20308 Nerve Cells: Introduction to Neurobiology

Credits: 6 advanced credits in Life Sciences

Prerequisites: Students must fulfill all English requirements and take bibliographic instruction in the Library.

Required: General Biology I, General Biology II, Cell Structure and Function (single-semester format or year-long format), Biochemistry I, General Chemistry1 (or General Chemistry I + General Chemistry II, for Biology Students; or General Chemistry I + General Chemistry II), Differential and Integral Calculus I

The course, based on chapters in From Neuron to Brain (4th ed.), by J.G. Nicholls, A. R. Martin, B.G. Wallace, and P.A. Fuchs (Sinauer, 2001), was developed by Simona Ginsburg and Revital Lavy. The course is offered in a year-long format.

The behavior of animals depends to a large extent on excitable tissues. The nerve cells in these tissues – neurons – maintain regular life activities, like all other cells. In addition, neurons perform the unique functions of sensing, processing and transmitting information. Information is relayed over long distances in the body, electrically, along the axons of individual neurons; between different neurons, transmission is carried out chemically. Processing and deciphering information is, for the most part, based on the organization of cells into complex but defined networks.

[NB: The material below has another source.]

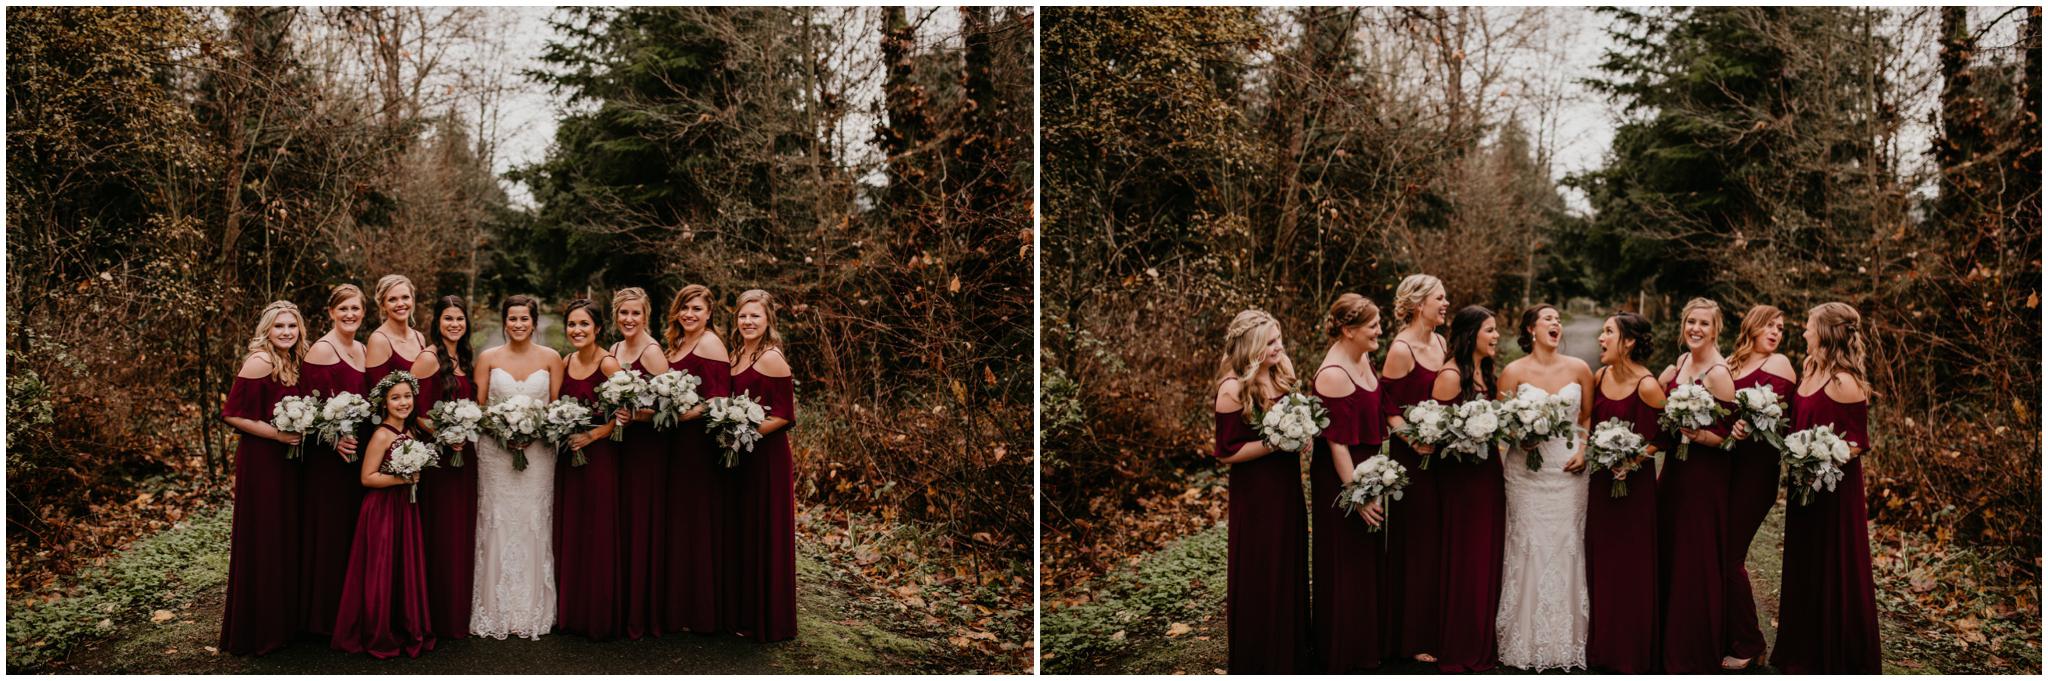 ashley-tj-the-pickering-barn-winter-wedding-seattle-photographer-033.jpg
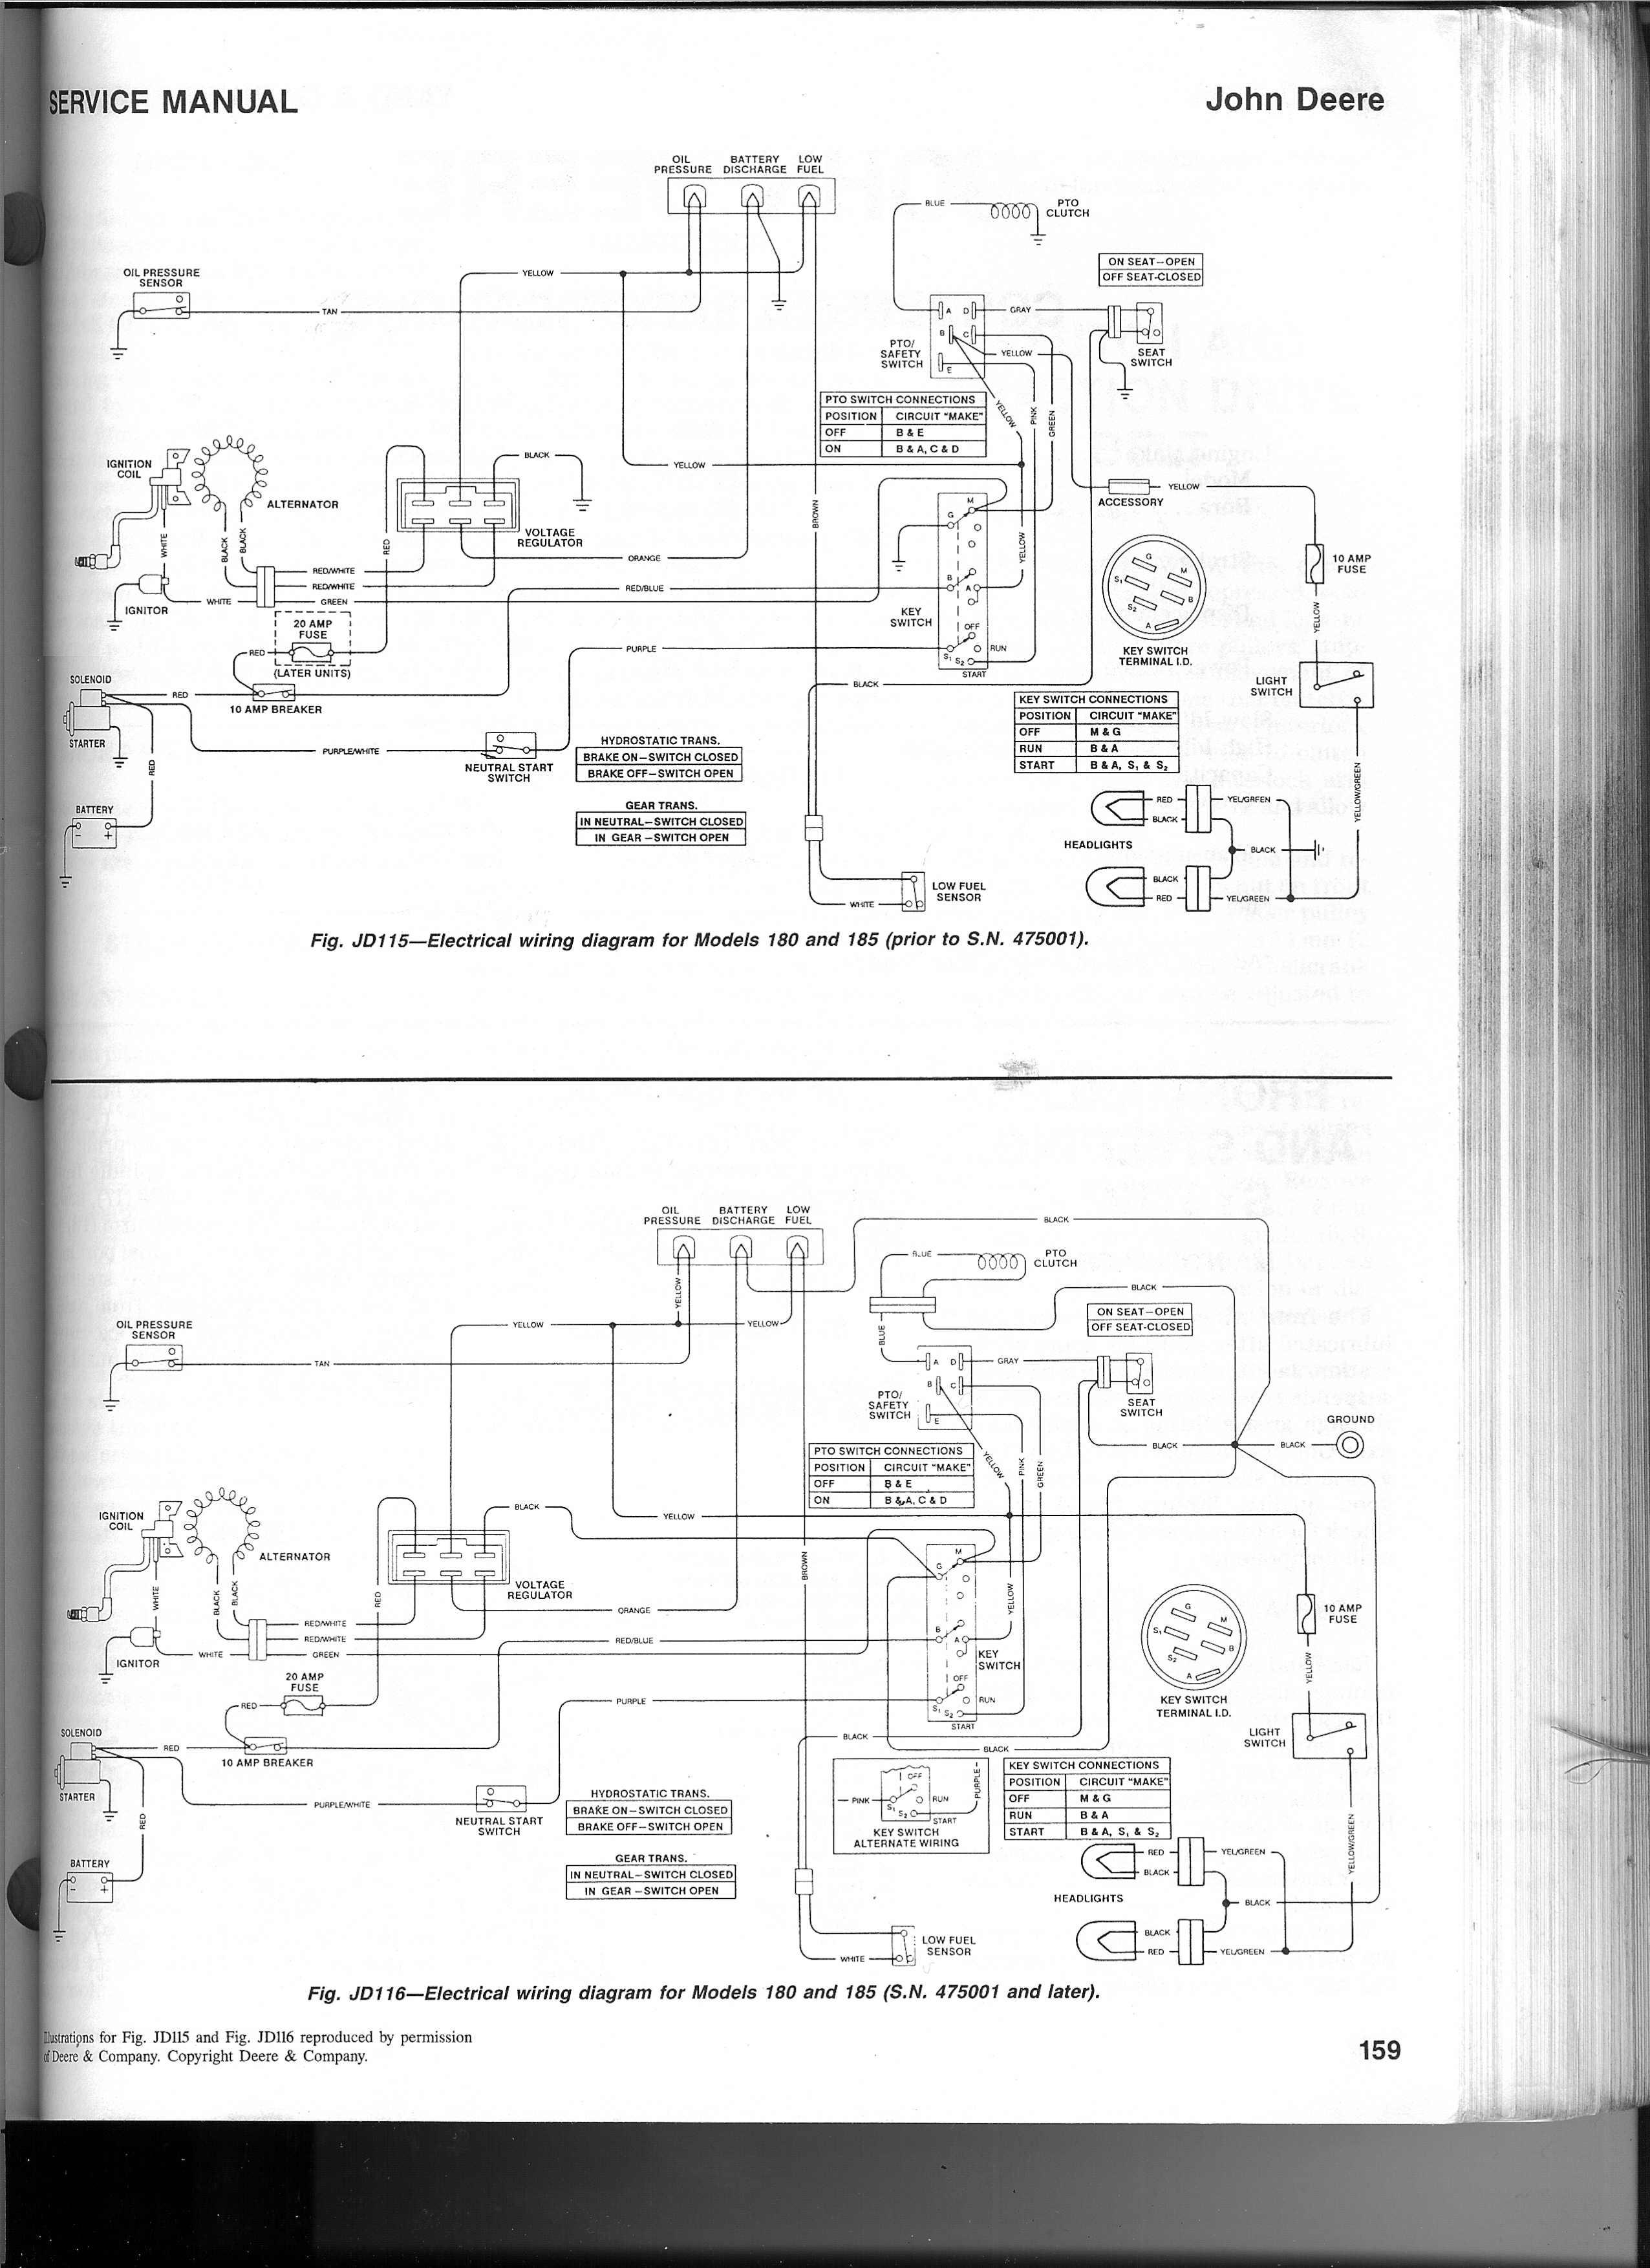 john deere 160 wiring harness john deere 180 wiring harness wiring diagrams  john deere 180 wiring harness wiring

Chapters: (1) Principles of signaling and organization; (2) Ion channels and signaling; (3) Structure of ion channels; (4) Transport across cell membranes; (5) Ionic basis of the resting potential; (6) Ionic basis of the action potential; (7) Neurons as conductors of electricity; (8) Properties and functions of neuroglial cells; (9) Principles of direct synaptic transmission; (10) Indirect mechanisms of synaptic transmission; (11) Transmitter release; (12) Synaptic plasticity; (13) Cellular and molecular biochemistry of synaptic transmission; (14) Neurotransmitters in the central nervous system; (15) Cellular mechanisms of integration and behavior: From neurons to behavior and vice versa; (16) Autonomic nervous system; (17) Transduction of mechanical and chemical stimuli; (18) Processing of somatosensory and auditory signals; (19) Transduction and signaling in the retina; (20) Analysis of form in primary visual cortex; (21) Functional architecture of the visual cortex; (22) Cellular mechanisms of motor control.


1or General Chemistry (20477 or 20487), which is no longer offered.